Il y a effectivement les villes de Toulouse et Montpellier, les chefs-lieux des départements et d’autres communes ayant un intérêt historique. C’est le cas de Montaillou. Ce village de l’Ariège est connu grâce aux travaux des historiens Jean Duvernoy et Emmanuel Leroy-Ladurie (le premier a traduit le registre d’interrogatoire de l’Inquisition tenu par l’évêque de Pamiers Jacques Fournier, dans lequel on retrouve des témoignages d’habitants de Montaillou au Moyen-Âge, et le second a repris ce document dans son ouvrage intitulé “Montaillou, village occitan de 1292 à 1234”, ndlr). Il était intéressant d’en parler car c’est un témoignage exceptionnel sur l’Histoire de la région et l’Inquisition.
On retrouve dans votre ouvrage les portraits de personnalités locales féminines, notamment Juliette Gréco et Olympe de Gouges, mais aussi des entrées sur les écrivaines et le féminisme en Occitanie. Pourquoi avoir abordé ces thèmes ?
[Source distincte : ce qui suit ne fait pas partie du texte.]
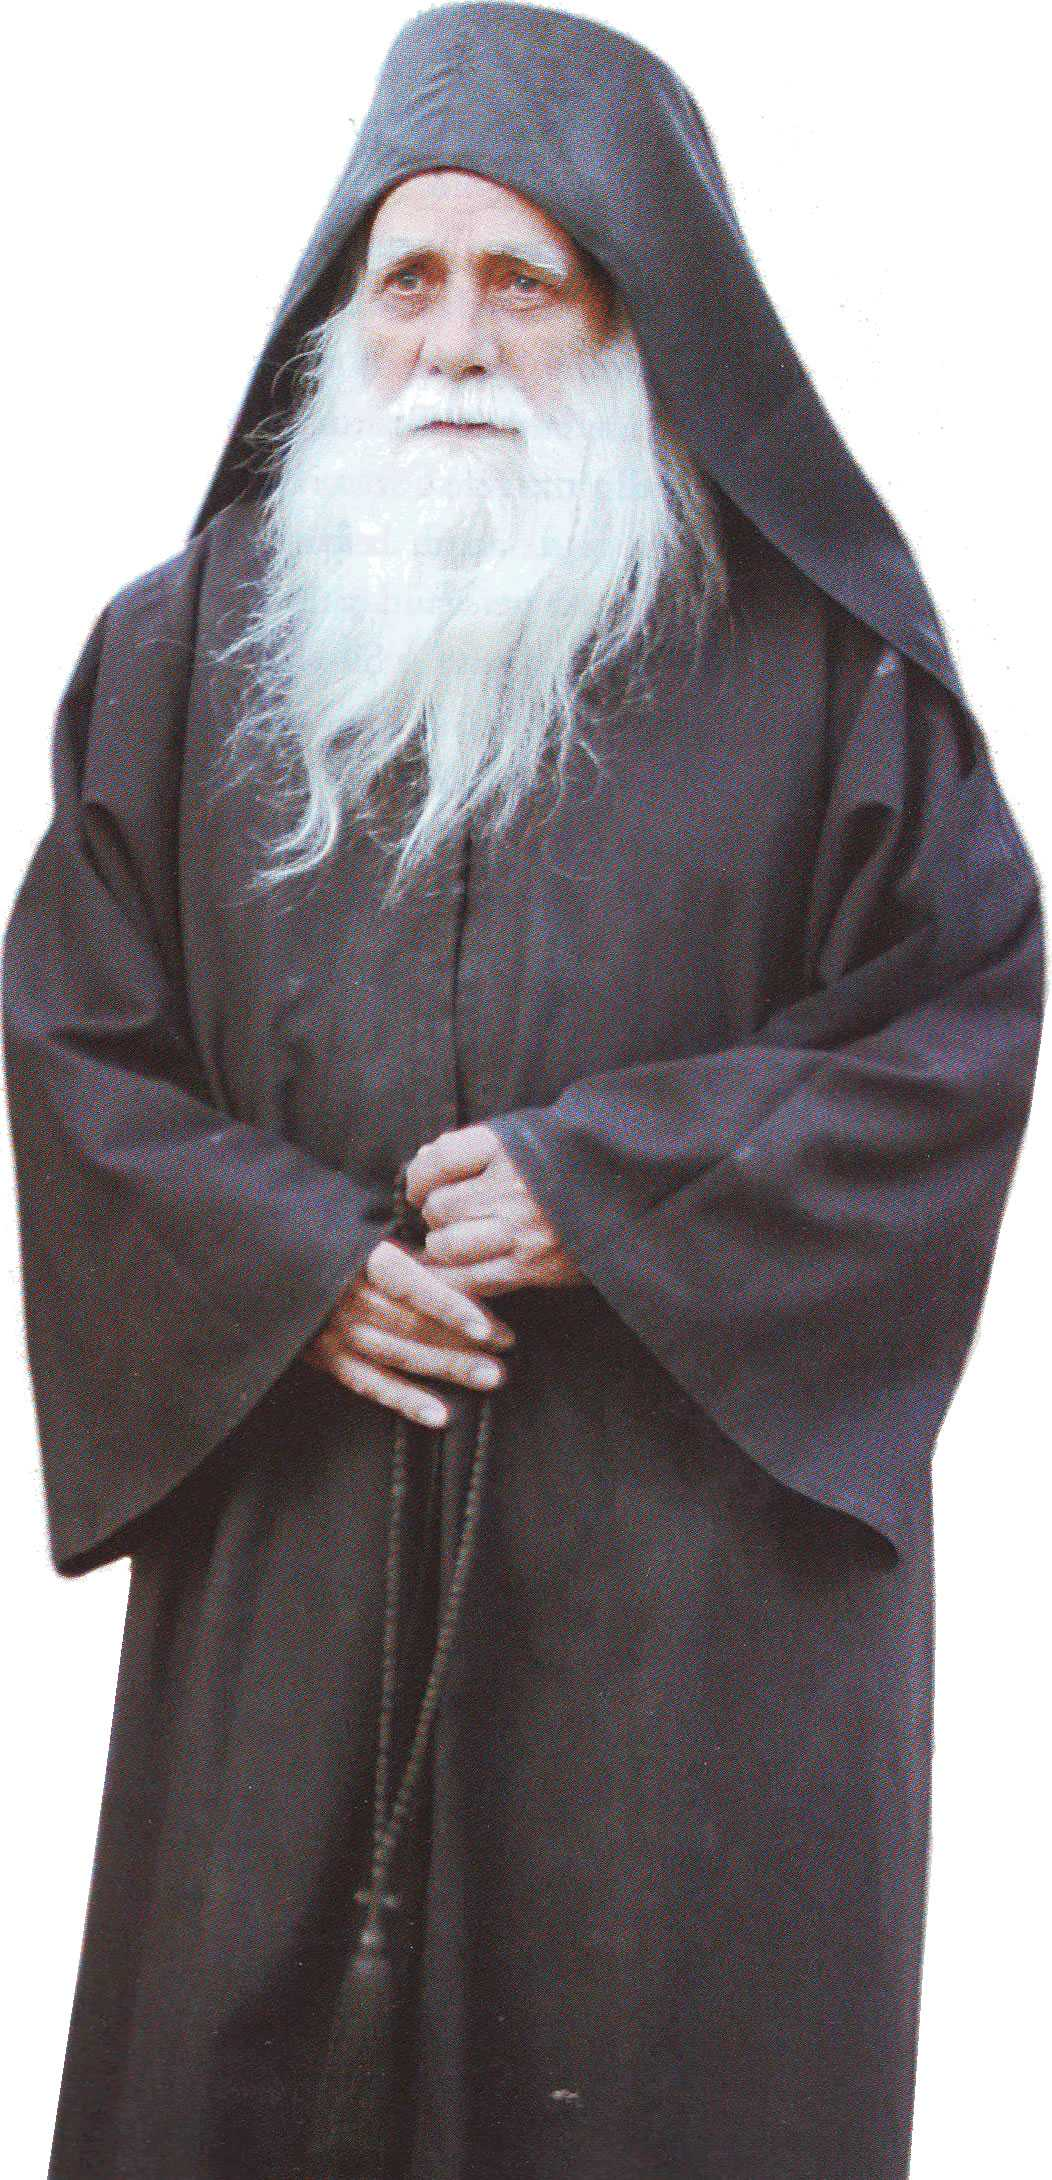 "AVVA IULIAN LAZAR, duhovnicul schitului Prodromu: <i>&#8220;Multumescu-ti Tie, Doamne, ca-mi ingadui sa vorbesc cu Tine!""</i>"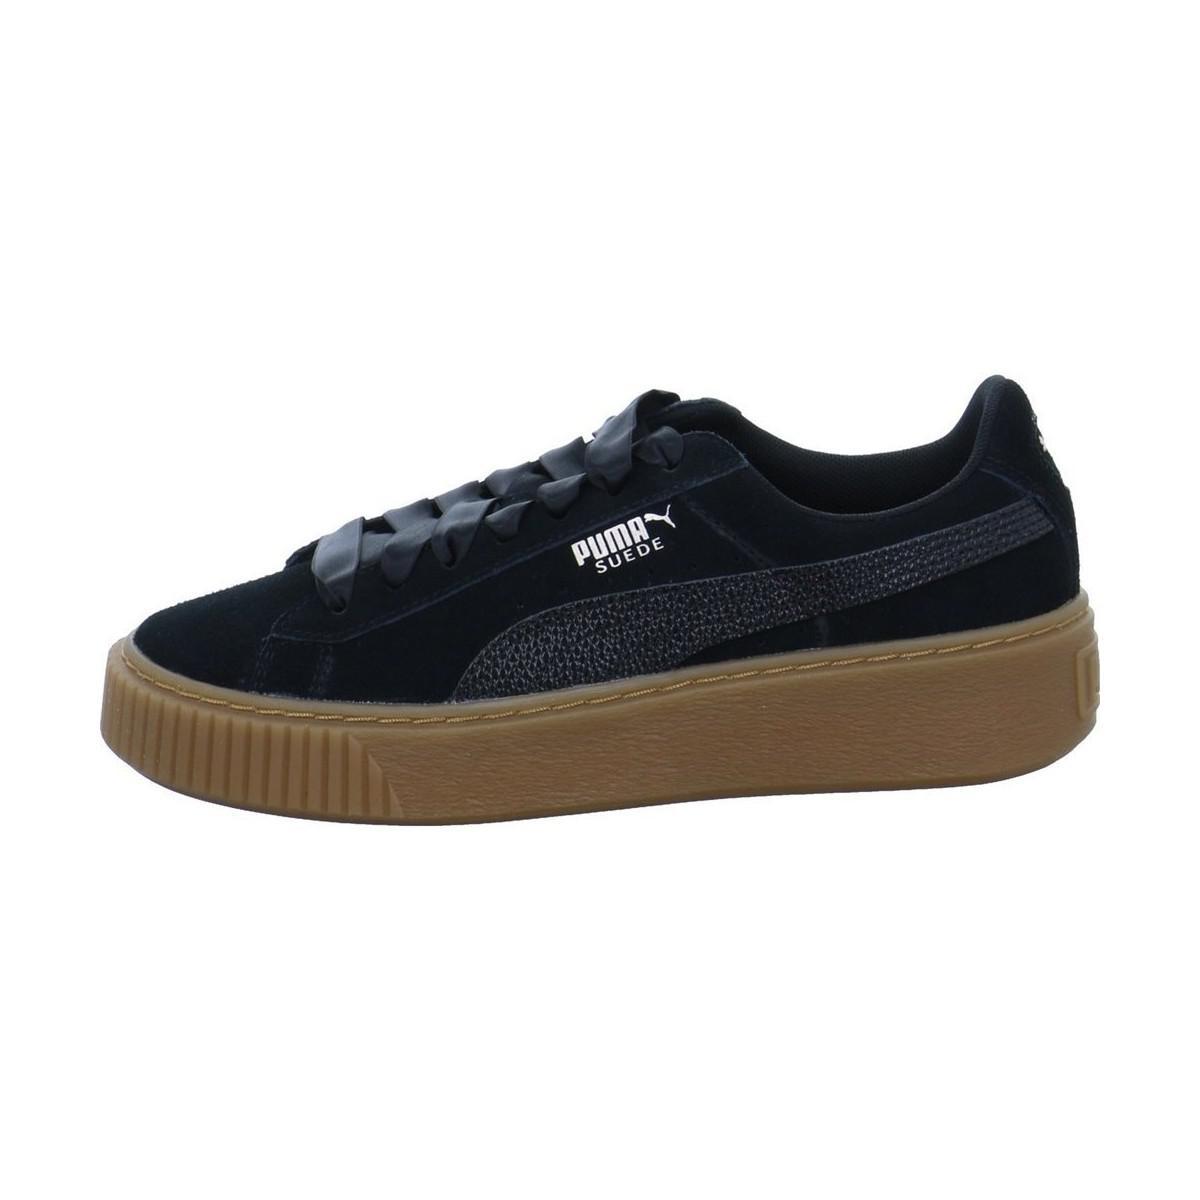 13c423c8620e38 Puma Suede Platform Bubble Wns Women s Shoes (trainers) In Black in ...

Si l’on veut avancer, il faut mettre en avant les femmes. L’Occitanie compte beaucoup d’écrivains, mais on parle moins des écrivaines comme Malika Mokeddem et Dominique Bona. Nous avons par ailleurs réalisé une entrée sur le féminisme pour faire connaître les spécificités de la région à ce sujet, notamment le site internet du podcast Mesdames… d’Occitanie (série de portraits sonores sur des femmes occitanes, ndlr) et le premier colloque national sur les femmes et les études féministes à l’université du Mirail en 1982.
L’Occitanie compte beaucoup d’écrivains, mais on parle moins des écrivaines
Vous avez également fait le choix de parler de périodes sombres de la région comme les attentats et l’explosion de l’usine AZF. Pourquoi ?
Les attentats de Toulouse et de Montauban ont précédé ceux de Paris. Cela nous a semblé symptomatique d’un climat qui se développe depuis cette période. Il a débuté dans la région et a continué avec les attentats de Carcassonne et Trèbes.
En ce qui concerne AZF, cette catastrophe industrielle témoigne d’une mémoire enfouie. On connaissait les risques, mais on les a ignorés. On a continué à urbaniser autour de l’usine. Cette catastrophe a permis de faire évoluer la législation en 2003. Il y a eu un avant et un après.
Si le dictionnaire aborde le passé de la région, il se tourne également vers le futur en abordant le changement climatique, la submersion marine et la biodiversité en Occitanie. Était-ce important pour vous de parler des enjeux pour la région ?
Nous avons voulu mettre en évidence les racines communes de la résistance dans la région depuis les Cathares, en passant par les Camisards et la Seconde Guerre mondiale, mais également parler de son présent et de son avenir à travers la transition écologique nécessaire. Il est important de s’interroger sur cela en soulignant les pistes possibles car nous avons des solutions. Notre volonté était ainsi de montrer que la région est riche en innovations. Presque tous les organismes de recherches nationaux sont présents en Occitanie : le CNRS, l’INRAE, l’ADEME… La région a un potentiel extraordinaire.
Un ouvrage collectif original pour découvrir la pluralité et la singularité de l’Occitanie d’hier et d’aujourd’hui. Sous forme de dictionnaire, il offre une plus grande liberté aux lecteurs et aux lectrices d’entrer dans la région selon leurs centres d’intérêt, leurs attentes, leurs goûts.